Ilana Glazer is revealing there could have been more “Broad City.”
The series star, who co-created the acclaimed comedy alongside Abbi Jacobson, said during NPR’s “Wild Card with Rachel Martin” podcast that the hit Comedy Central show was supposed to air for seven seasons. “Broad City” first began as a web series in 2009 before landing a five-season run on Comedy Central starting in 2014. The show concluded in 2019.
“‘Broad City’ was like a big [deal]. We had signed our contract of seven seasons and then, we both came to it, Abbi and I. And Comedy Central was like, ‘Huh?'” Glazer, who uses they/she pronouns, said. “We were like ambivalent and unsure, but I think that’s something I would say is elegant about me knowing when things are at their end.”
Glazer continued, “And like being able to trust that I am generative beyond this moment, whether it’s a creative project or anything, you know, but I am secure that I will keep generating new layers and do without thinking. […] I was a drummer for many years. I miss it. And I just loved percussion for a time. For a time, I was like, ‘I’m going to be an orchestra percussionist.’ Can you imagine me like on a timpani? Like, dum da da dum ba dum. And it’s like, I think it’s like a rhythm thing. You know what I mean? It’s like a larger scale rhythm thing of like, ‘This is over,’ and accepting the loss too.”
Glazer told IndieWire in 2019 that they were ready to move on from the show despite its continued success.
“I think we always knew that this show had to end to still feel like this flash-in-the-pan experience — this quick, specific, ‘everything’s moving so fast’ both in the city, but in their minds, between the two of them,” Glazer said. “I think part of us knew that this was going to end at this point and started getting other projects on our plates.”

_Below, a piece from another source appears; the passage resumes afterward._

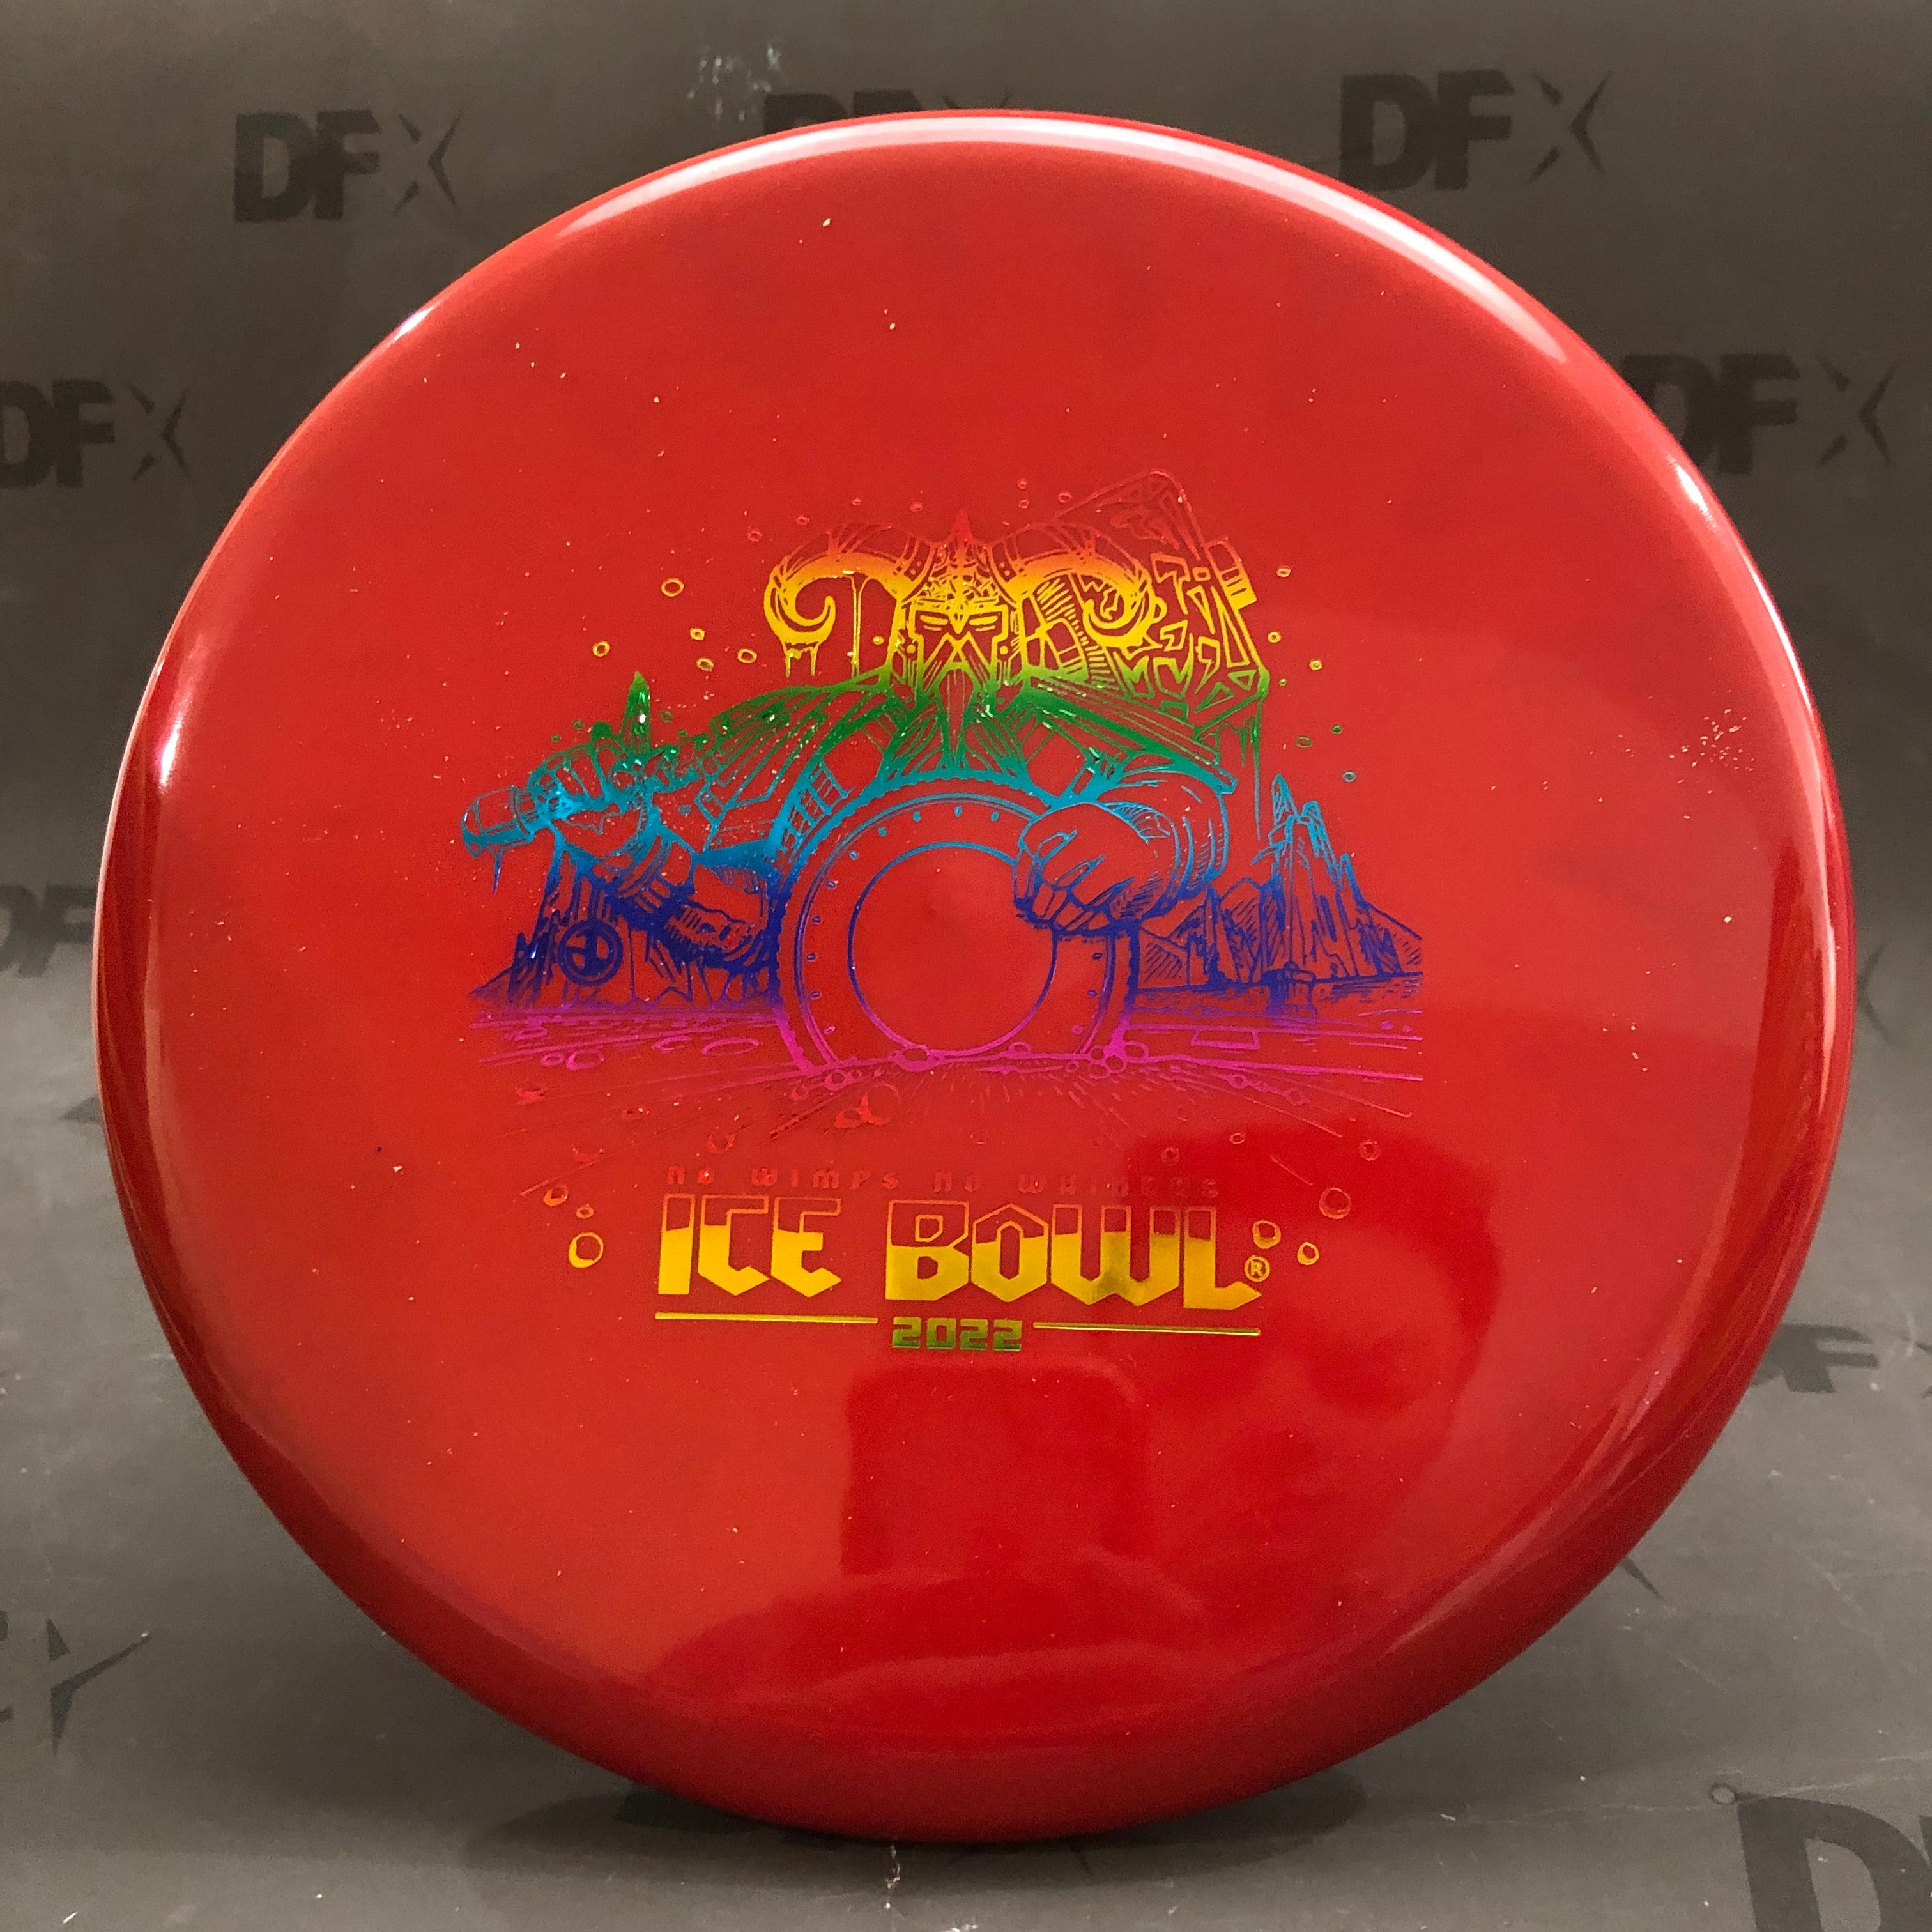 Thought Space Athletics Ethereal Praxis - Ice Bowl
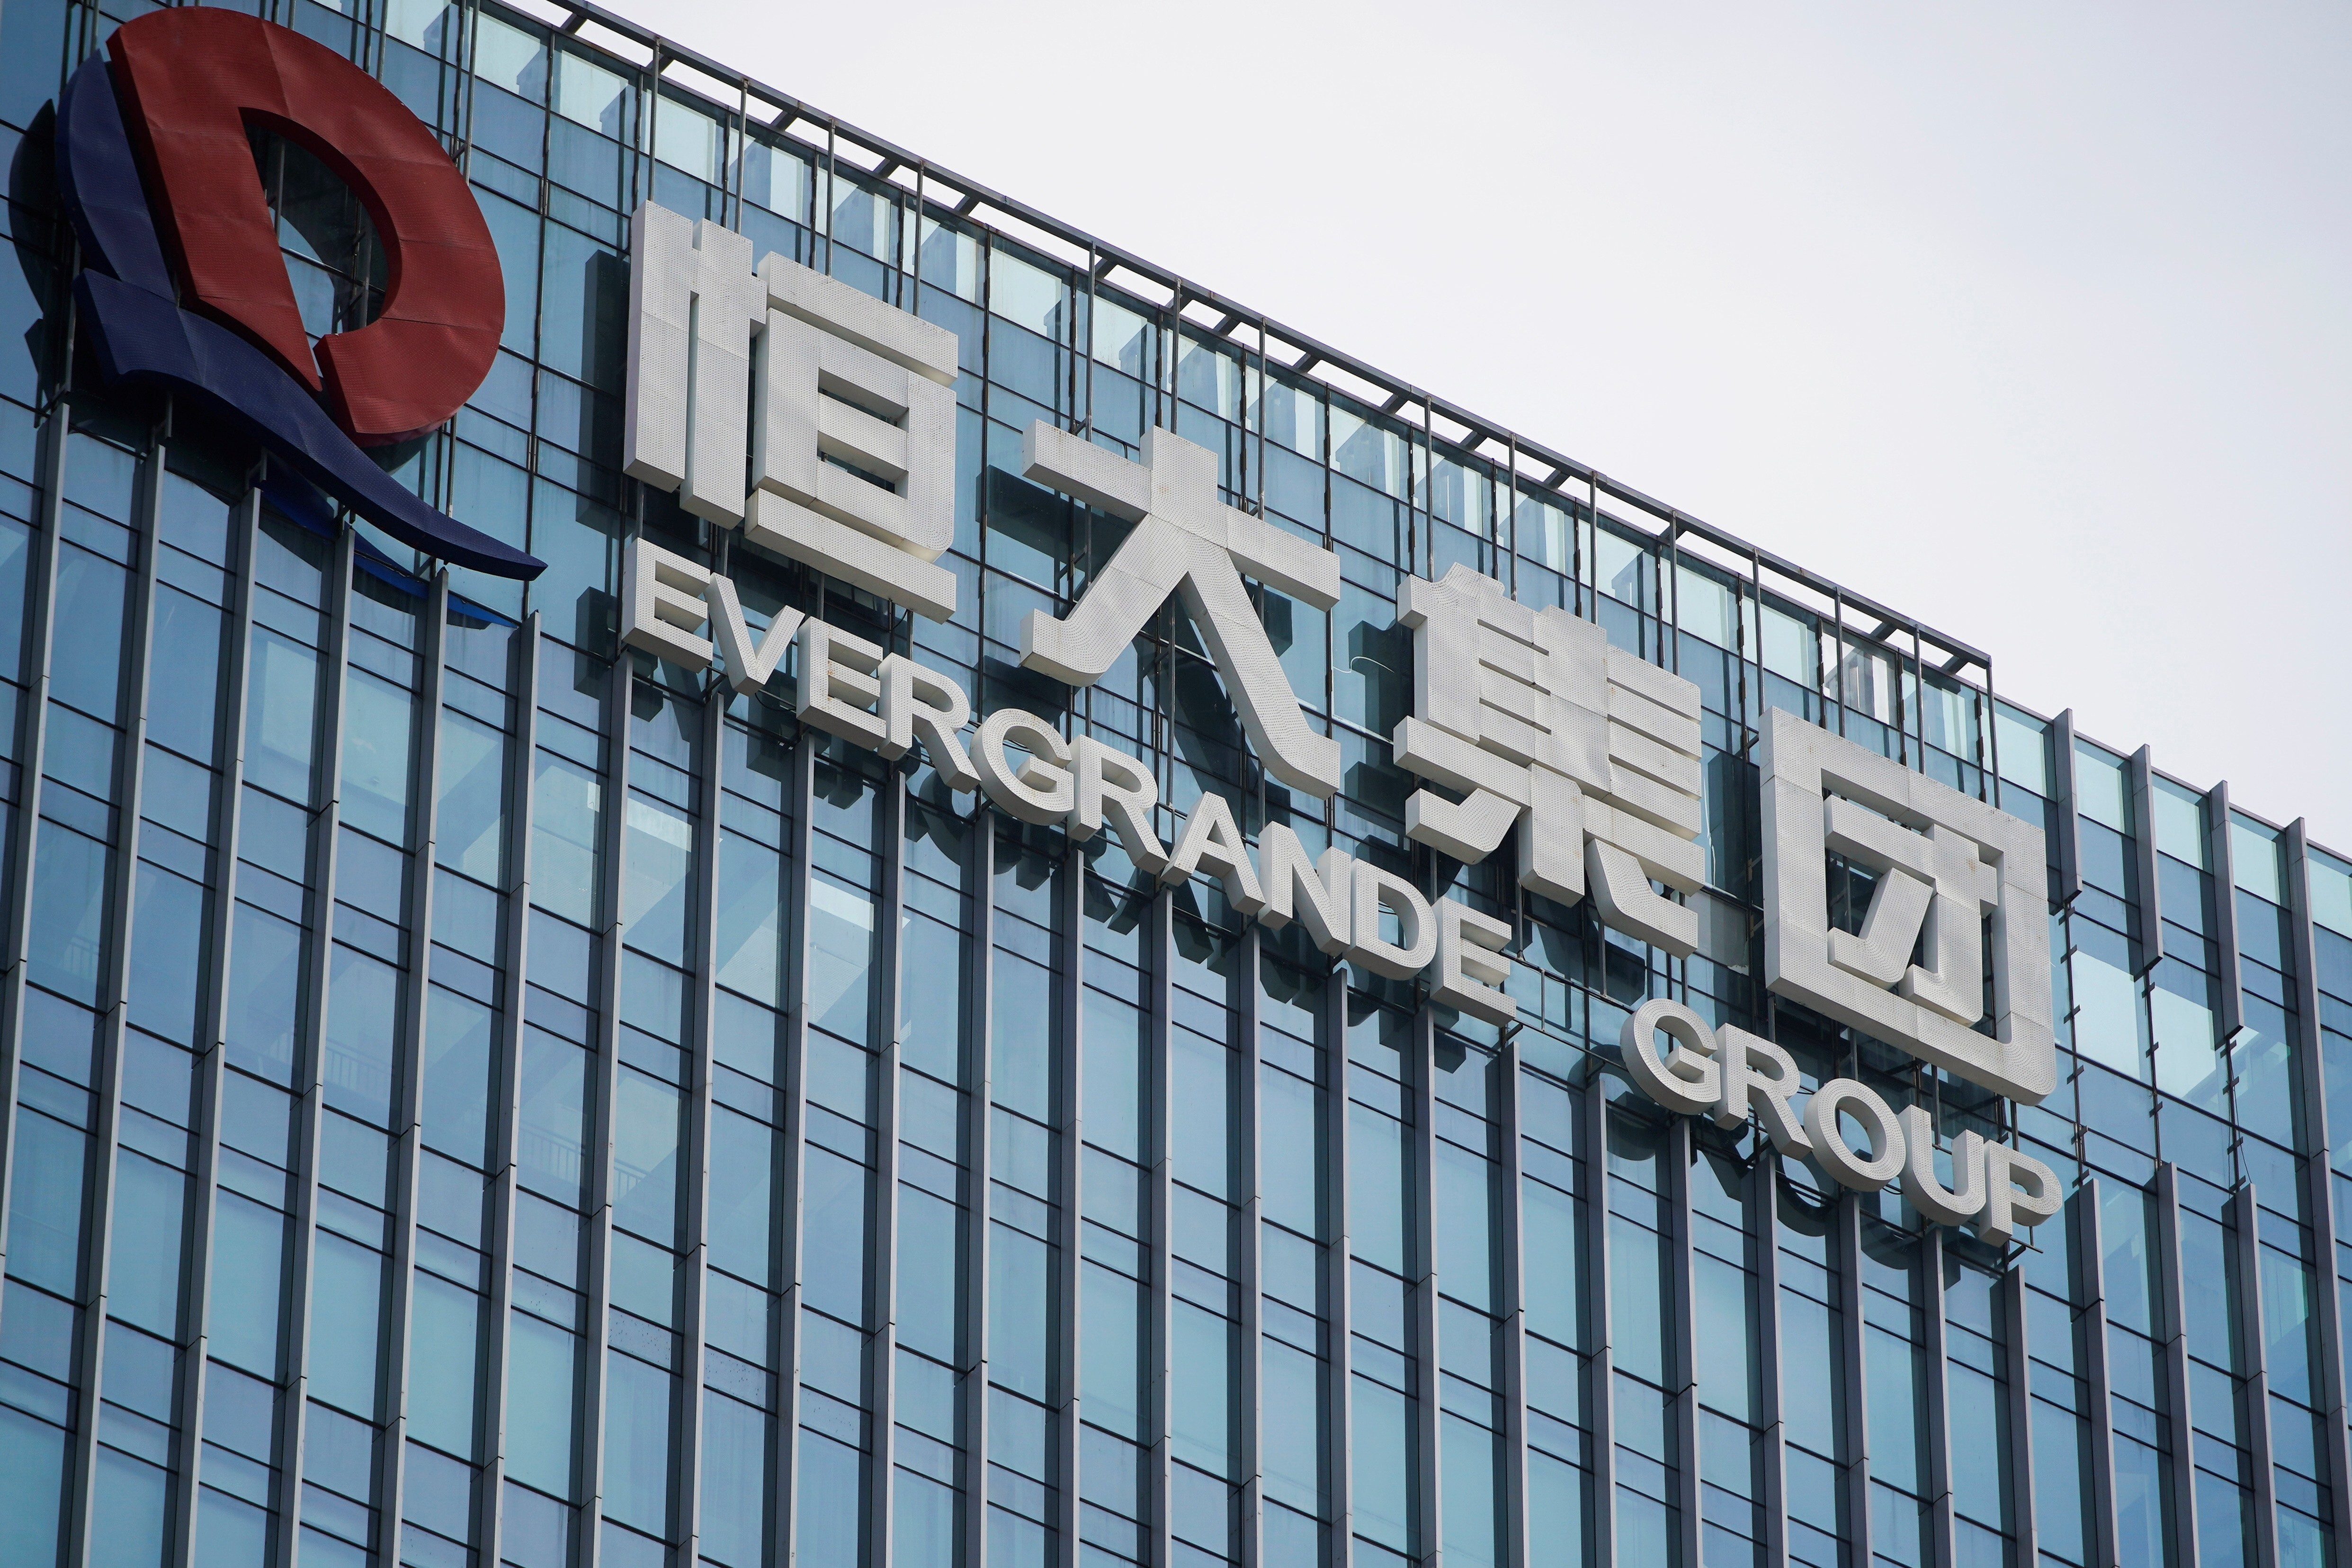 The headquarters of China Evergrande Group in Shenzhen, Guangdong province. Photo: Reuters

They added, “It’s like my entire 20s was ‘Broad City.’ I didn’t have those experiences. I wrote them and then enacted them, but I didn’t experience them. I’m feeling that now. Really, looking back and being like, ‘Wow, the past 10 years I’ve been writing and curating and acting.’ Not solely, but I’ve been thinking about the gap between [my character] Ilana Wexler and Ilana Glazer more.”
And two extra seasons isn’t the only thing that was axed during the “Broad City” run: Glazer recently told The Daily Beast that they “unfortunate[ly]” had to scrap the original hour-long Season 3 finale in 2016. The episode was supposed to be filmed in Israel, with Zoë Kravitz potentially guest starring.
“It included the Red Sea curing my bacne. It had one of the few very famous Black Jews — like, perhaps Zoë Kravitz — representing Jesus in a mirage on the desert. It was really funny, but we just were like, ‘We have to rewrite this,'” Glazer said amid the “violence between Israelis and Palestinians” at the time.
“I don’t think either one of us had taken our journey into understanding the situation there to the degree that we do now, but it was just a bad vibe,” Glazer said. “It just got really scary at the last minute. Our director, Lucia Aniello, one of the creators of ‘Hacks,’ was literally walking to the door with her suitcase to go location-scout when she got the call that we were like, ‘We can’t do this, dude. This is freaking us out.’ […] And we were promised all of this army protection, you can film and there will be soldiers there with guns, and we were like, wait, what are we doing? We have to fully pull the plug. This is not appealing and that’s not what safety sounds like. And yeah, we pulled it.”